Easy, efficient, and practical queue implementation

Sat, Feb 24 2024
6 minutes read

From breadth-first search to task scheduling, queues are extremely useful in computer programming. Although many programming languages support them, I think that it’s important to understand and know how to implement them. I like to implement data structures on-the-fly and customize them for the problem I’m trying to solve. A more practical reason to understand queues is that JavaScript doesn’t have an efficient queue implementation.

I’ll probably update this part later, but according to my programming techniques syllabus, I’m going to learn how to implement stacks and queues using linked lists. In paper, it makes lots of sense because the important operations (enqueue, dequeue) have O(1) time complexity. But in reality, with a naive linked list implementation—which I’m 100% sure I will be taught as the de facto standard—every insertion is a heap allocation, which is horrible, especially if your item is small. You can reduce allocations by having each node store multiple items, which is what C++ and Python’s implementation does. A further optimization would be to reuse the nodes by putting them in a free list. You can use the linked list for both the queue and the free list! When you have large objects, can’t afford amortized time complexity, and don’t have an advanced memory allocator, a linked list queue implementation is actually great. But the code will not be pretty, and there are other alternatives that you should consider.

In this article, I’ll introduce a queue implementation that:

  • Has dynamic size, with amortized O(1) insertion complexity.
  • O(1) complexity for everything else, including random access.
  • Easy to understand and implement.
  • Easy to extend into a deque.
  • Highly efficient on modern hardware.

This implementation is nothing new. It’s called a growable ring buffer, and it’s how Rust and many other high-level languages implement queues and deques.

The stack counterpart

In my experiences, queues are slightly more complicated than stacks. For example, in the linked list implementation, you need an extra pointer to the last node along with the pointer to the first one. So I think that it’s easier to show a stack implementation, which is more intuitive, then extrapolate it for queues.

It’s very common to use a dynamic array, e.g., std::vector for a fast stack implementation.

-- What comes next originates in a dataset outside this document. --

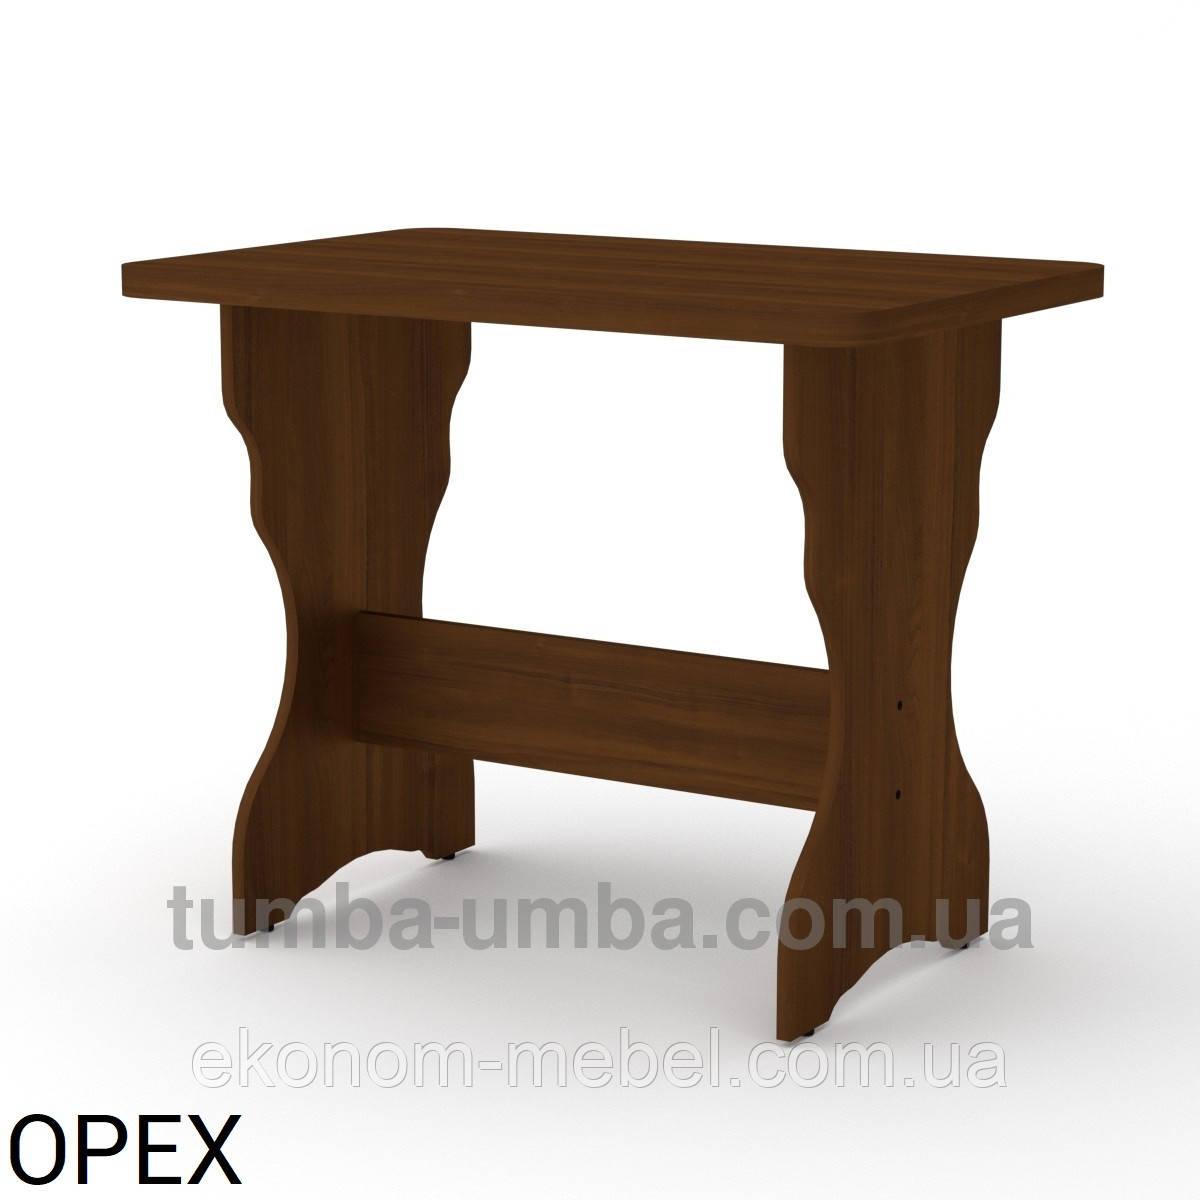 Кухонный стол КС-2 нераскладной толстая столешница

So let’s implement that from the ground up. For both the stack and queue, we just need to implement the push and pop operations.

Fixed stack with overflow

First, let’s remove the complexity of a dynamically sized stack and just implement a static one. When there’s no more space, it will overflow. For this, we need an array and a pointer or index pointing to the top of the stack.

1#define STACK_CAP 1024
2typedef struct {
3 Item data[STACK_CAP];
4
5 uint32_t top;
6} Stack;
7
8bool Stack_push(Stack *stack, Item item) {
9 if (stack->top == STACK_CAP) return false; // overflow
10
11 stack->data[stack->top++] = item;
12 return true;
13}
14
15Item *Stack_pop(Stack *stack) {
16 if (stack->top == 0) return NULL; // underflow
17 return stack->data + (--stack->top);
18}

I use a 32-bit unsigned index instead of a pointer because on 64-bit machines I can save some memory. You can implement more features, but that’s the core of it and what you mostly need. But currently its size is fixed, so let’s try to fix that with some heap memory.

Dynamic-array based stack

For the stack to resize dynamically, you need to use a heap-allocated buffer and store the current stack’s capacity. When there’s no more space, we can add more by doubling the buffer using realloc.

1typedef struct {
2 Item *data;
3
4 uint32_t top;
5 uint32_t cap;
6} Stack;
7
8Stack Stack_new(void) {
9 return (Stack) {
10 .data = malloc(sizeof(Item)),
11 .top = 0,
12 .cap = 1,
13 };
14}
15
16void Stack_destroy(Stack stack) {
17 free(stack.data);
18}
19
20void Stack_push(Stack *stack, Item item) {
21 if (stack->top == stack->cap) {
22 stack->data = realloc(stack->data, (stack->cap *= 2) * sizeof(Item));
23 }
24
25 stack->data[stack->top++] = item;
26}
27
28Item *Stack_pop(Stack *stack) {
29 if (stack->top == 0) return NULL;
30 return stack->data + (--stack->top);
31}

There’s a bit more code required for dynamic resizing. But in general, I think that the implementation is still easy to understand. Small reallocation is faster and happens more frequently, and large reallocation is slower and happens less frequently. So on average, pushing into the stack is extremely fast. This is the idea behind dynamic arrays, and why they have amortized constant time complexity for appending an element to the end.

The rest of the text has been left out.